Bob Dylan vs The Beatles: Take a bad job and make it better
It might not have been springtime, but Paris in late autumn is still beautiful. I was invited there to participate in an international conference on the quality of work. Unbeknown to me, my session had been informally labeled by one of our hosts as ‘Bob Dylan vs The Beatles’. The focus was interventions to improve job quality. Bob Dylan was Paul Osterman from MIT. If they were drawing on a Beatle analogy, I was hoping our hosts thought of me as John Lennon and not Paul McCartney: more working class hero than singing frog. The billing though reflects more than our differing US and UK origins; Paul Osterman and I have competing opinions about how to fix job quality and make it better.
There are currently two key reasons for intervening in job quality. First, bad jobs stretch and shred the social fabric. The global economic crisis has worsened social inequality in the US and UK. The gap between the have nots and have yachts, to pinch UK Labour Party leader Ed Miliband’s nifty phrasing, is getting wider. Second, countries with more good jobs, such as Germany, have fared better during the crisis with shorter and shallower recessions, if at all. These countries’ firms are also more innovative and their national employment rates are higher and their unemployment rates lower.

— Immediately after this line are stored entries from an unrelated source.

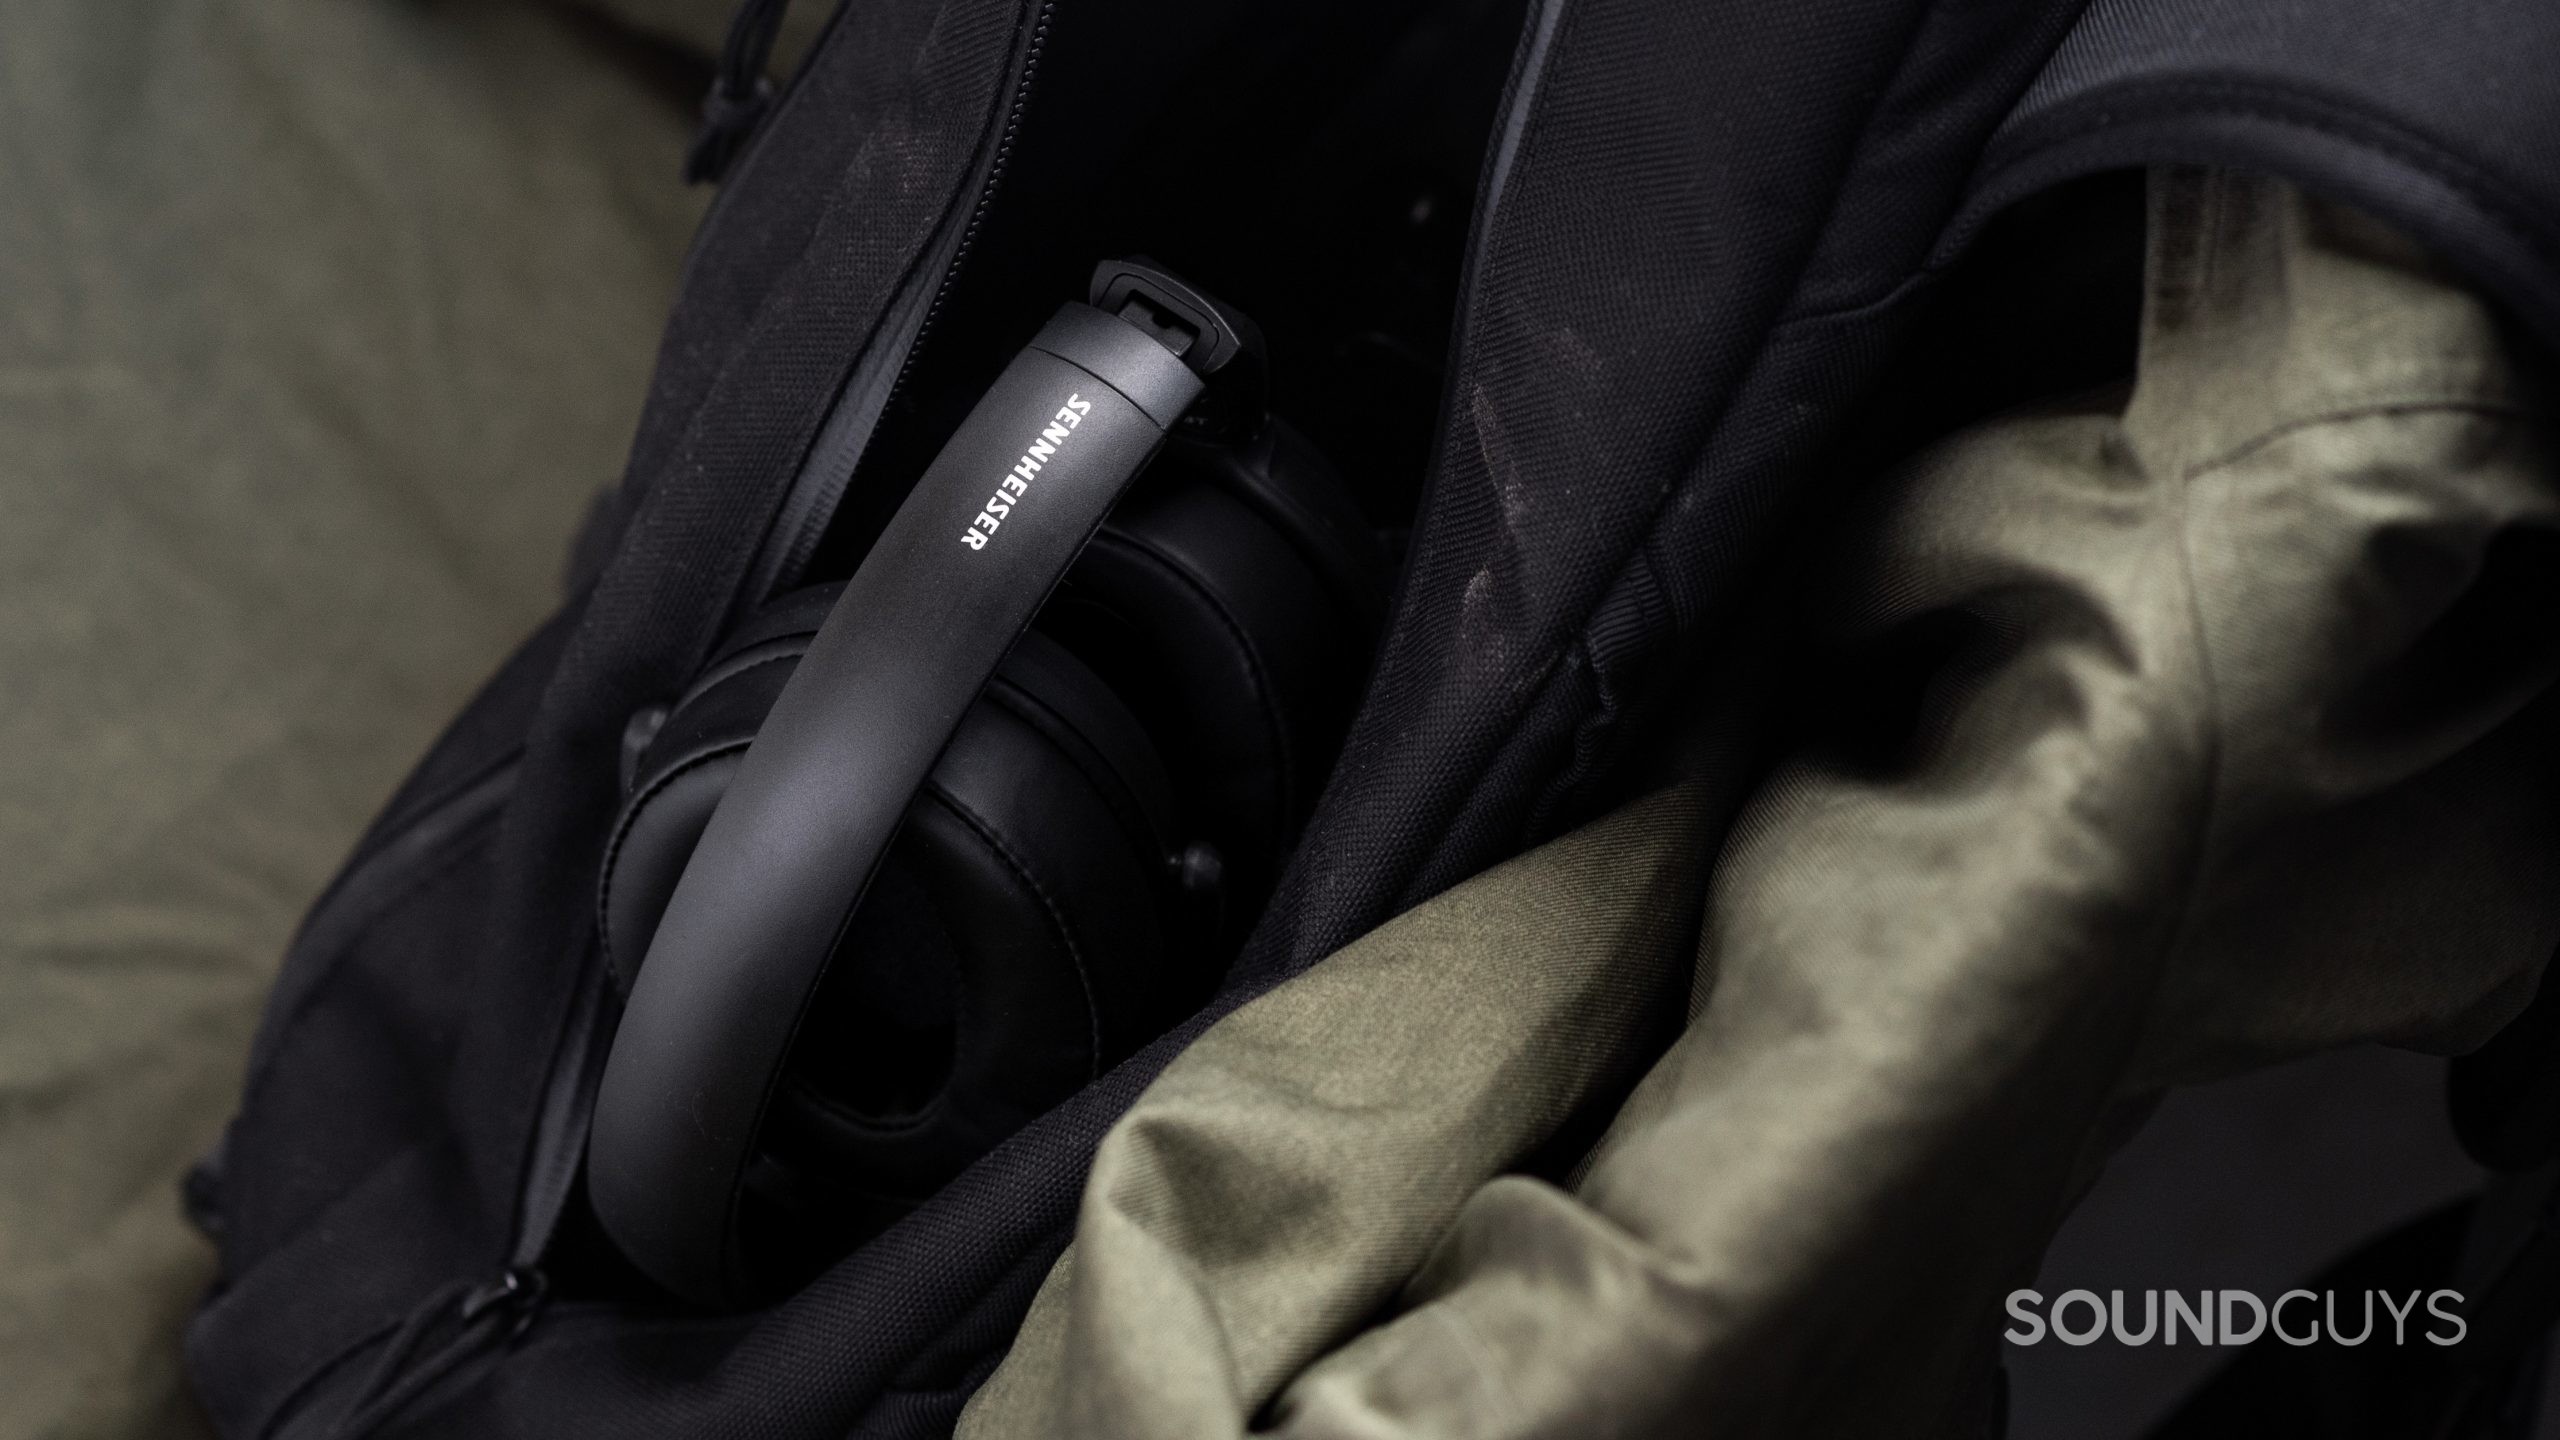 The Sennheiser HD 350BT Bluetooth headphones headband with the company logo facing upward, as the it sits in an open sling bag.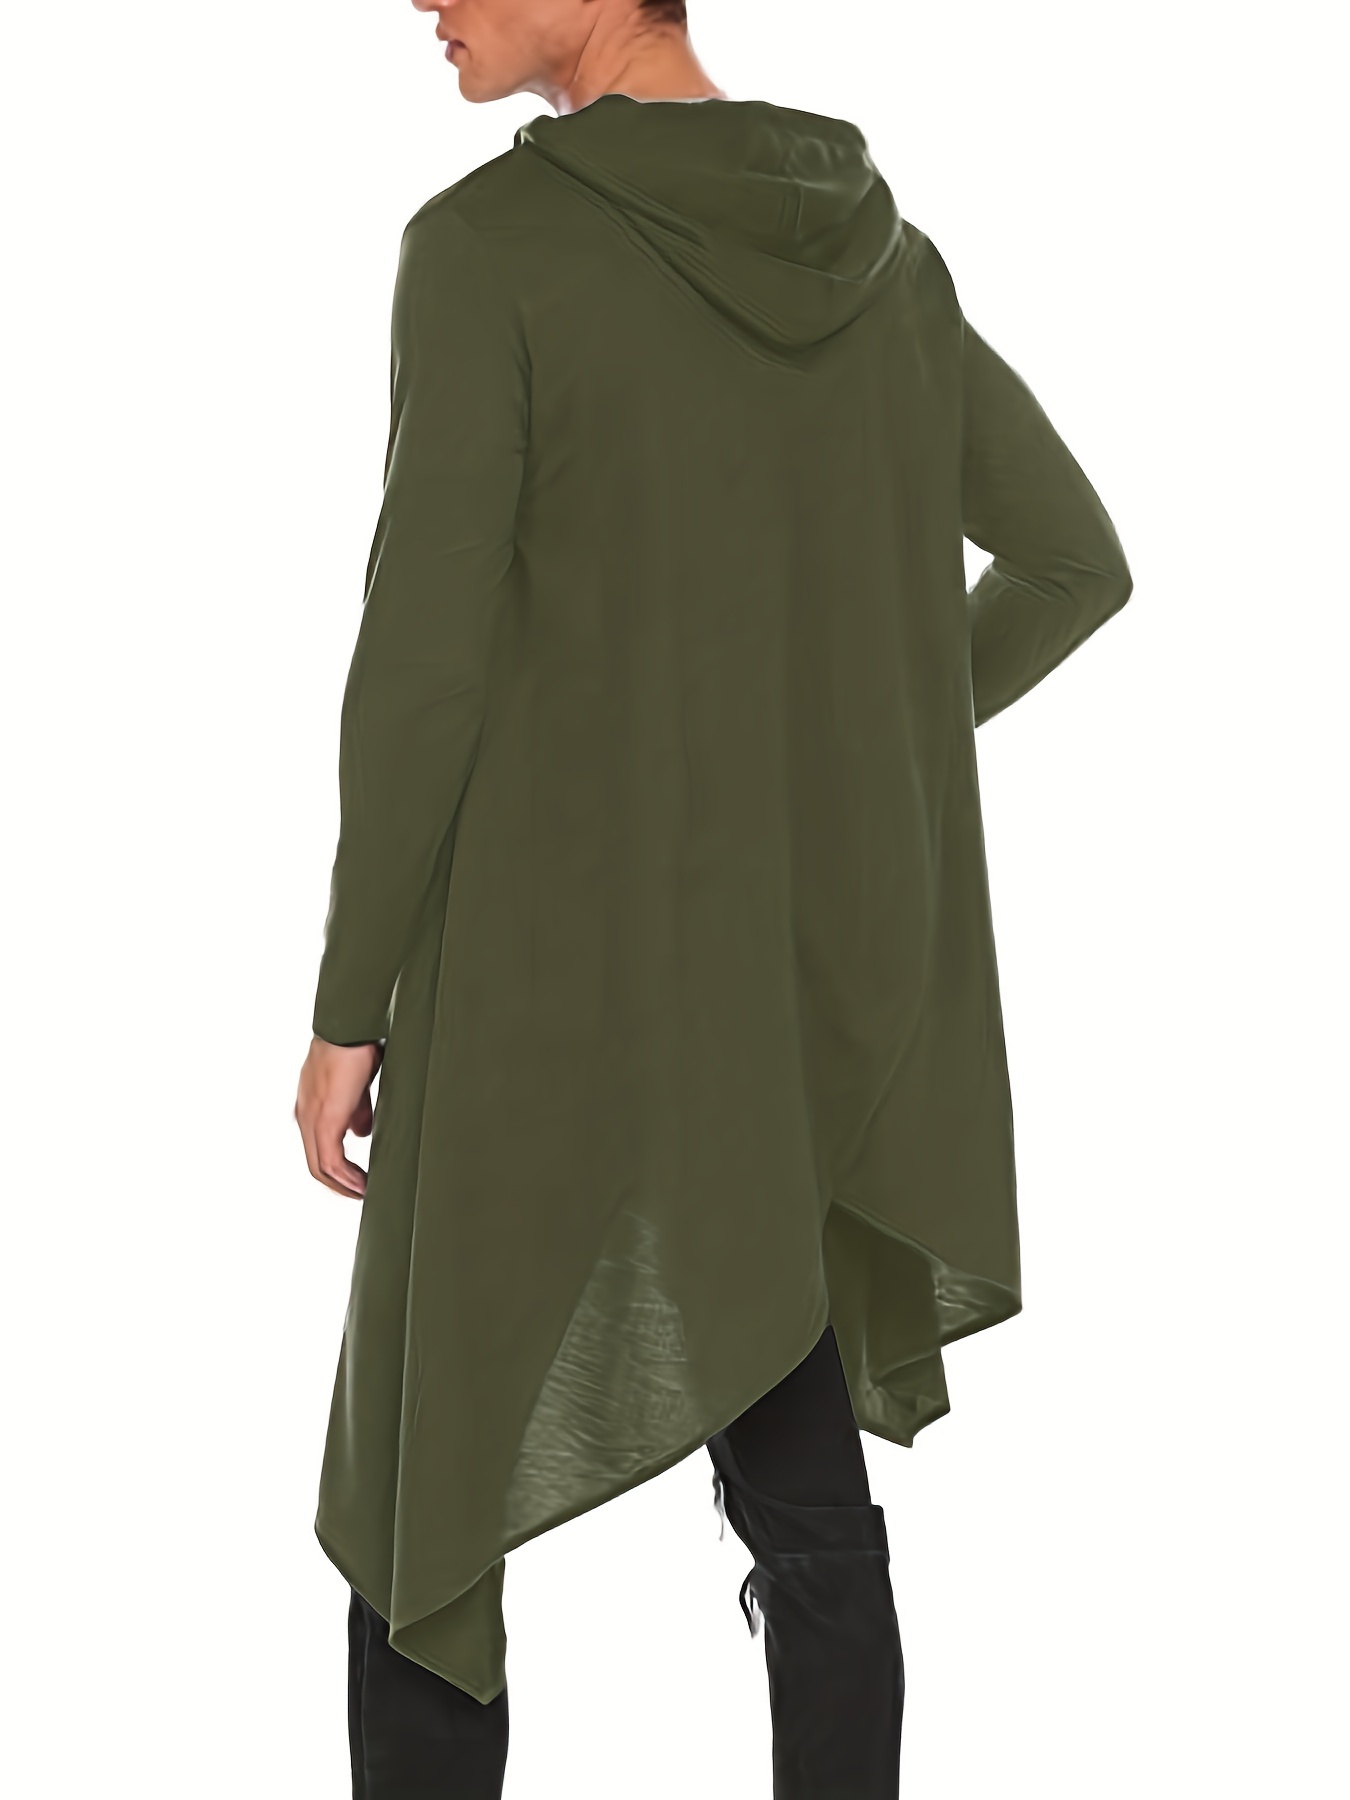 Men's Hooded Cloaks with POCKETS in Black, Green, Red or Brown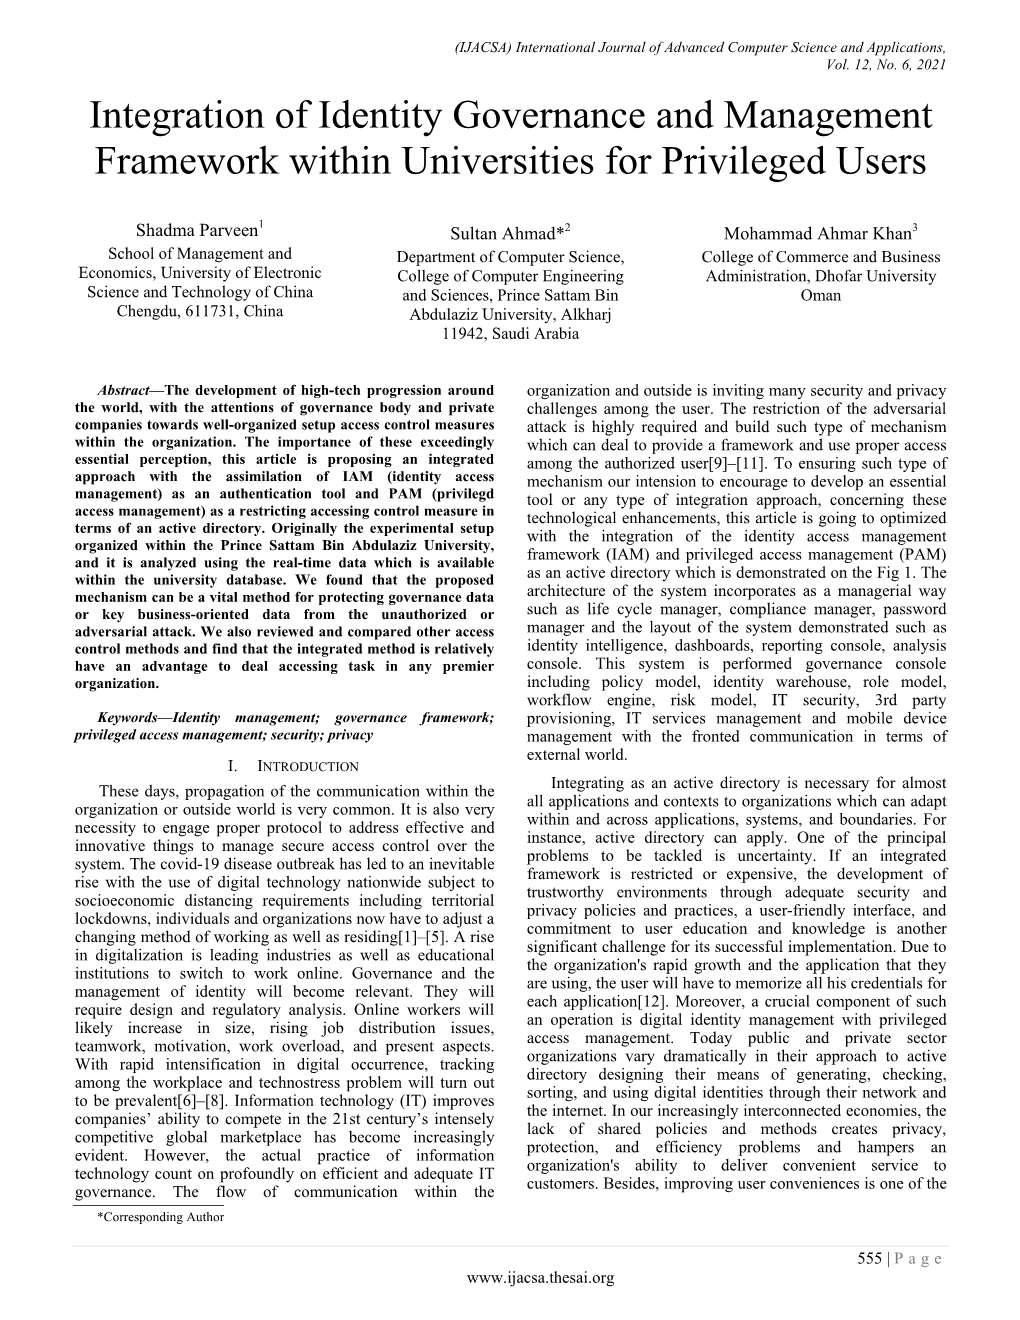 Integration of Identity Governance and Management Framework Within Universities for Privileged Users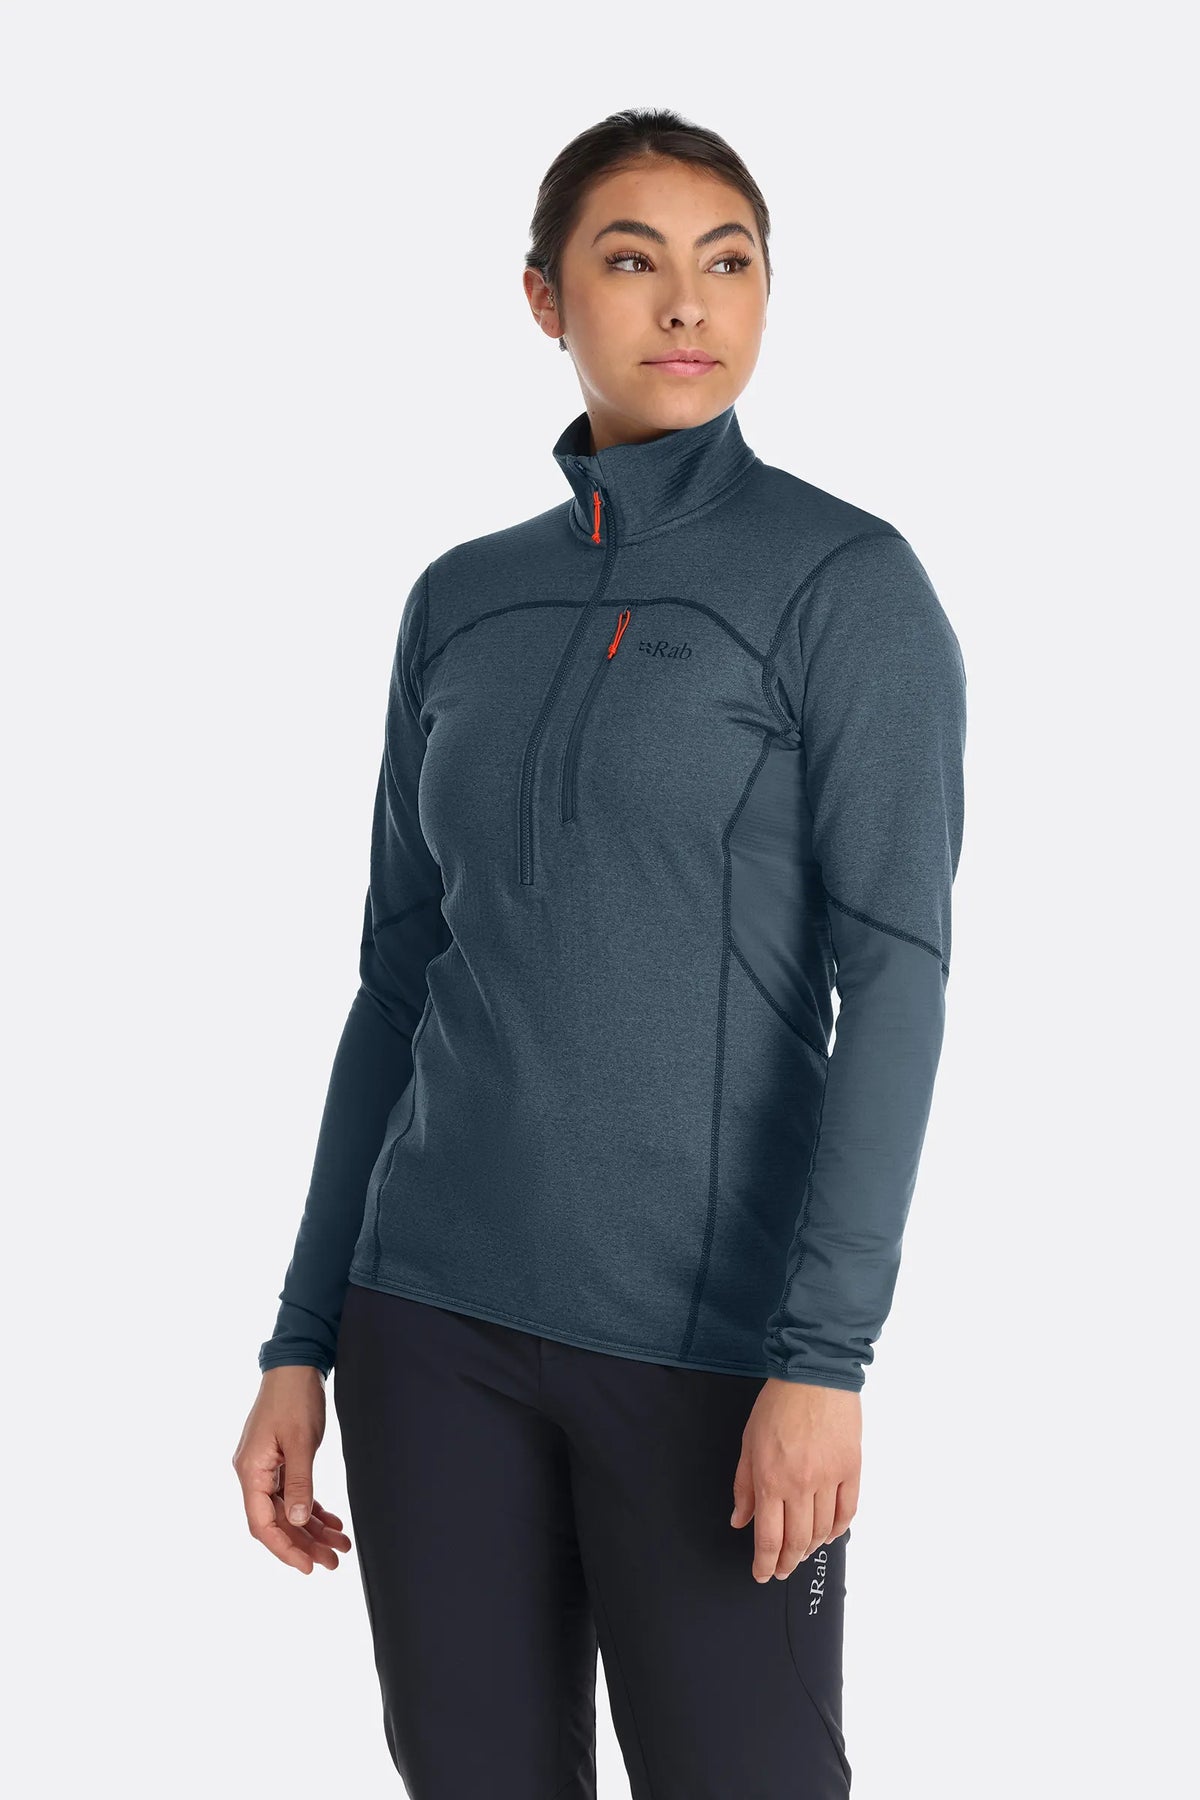 Rab Woman&#39;s Ascendor Pull On

Along with his former colleague Beth Shulman, Paul published an important book in 2011 on job quality – Good Jobs America. It’s one of a raft of recent books charting the decline of job quality in the US. In the battle if ideas, Paul and Beth’s book has the power to change minds about the importance of job quality and the benefits of improving it. In fact, it should be required reading for every business school student along with the simple instruction: ‘Discuss’.
Despite being critical of economists, Paul and Beth adopt an economistic perspective on job quality – that it’s all about pay. As a consequence, they then argue that what’s needed to improve job quality is a pay hike. This hike can take different forms: localised living wages or national minimum wages for example.
With over a fifth of US (and UK) workers now in low wage work, raising pay is an obvious way to improve jobs. It’s also an easy target and a quick fix – clear to all and its impact can be immediate. Making work pay is important and there are examples of successful living wage campaigns on both sides of the Atlantic.
The problem is that intervention to improve job quality is reduced to a pay policy – or income policy if government decides not to force employers to pay more but instead offers tax credits to the working poor. Although important, pay is only one aspect of work, and one not necessarily rated highly by workers. Job quality, and what makes a good job, is more complex. Higher pay might help improve bad jobs but higher pay doesn’t necessarily make a job good.
A study by John Sutherland exploring what makes a good job shows that workers rank high pay only seventh. More important to workers are jobs that allow them to use their initiative, that they like doing, in which they have friendly work colleagues and good relations with the boss. Sutherland’s findings reflect research on UK hotel room cleaners that I undertook with colleagues for the Russell Sage Foundation. In this research we asked these cleaners what a makes a good job. They said that being directly and permanently employed by a hotel rather than a temporary agency was ideal. The reason is that such jobs offered fixed working days and hours with regularised and predictable income, even if the pay rate remained low.
It’s in everyone’s interest that job quality is improved. Job quality correlates with individual well-being, firm productivity and innovation, and national and regional competitiveness. Without intervention to make that improvement, Bob Dylan might be right: A Hard Rain’s a-Gonna Fall. However we first need to agree a definition of job quality and from that definition identify what makes a good job. Only then can we then decide who should intervene – government or community groups for example – and how they should intervene – though legislation or community boycotts for example. And despite differences in approach between Paul/Bob and myself, there is common ground about the task. As The Beatles might have sang: ‘Hey Jude, take a bad job and make it better.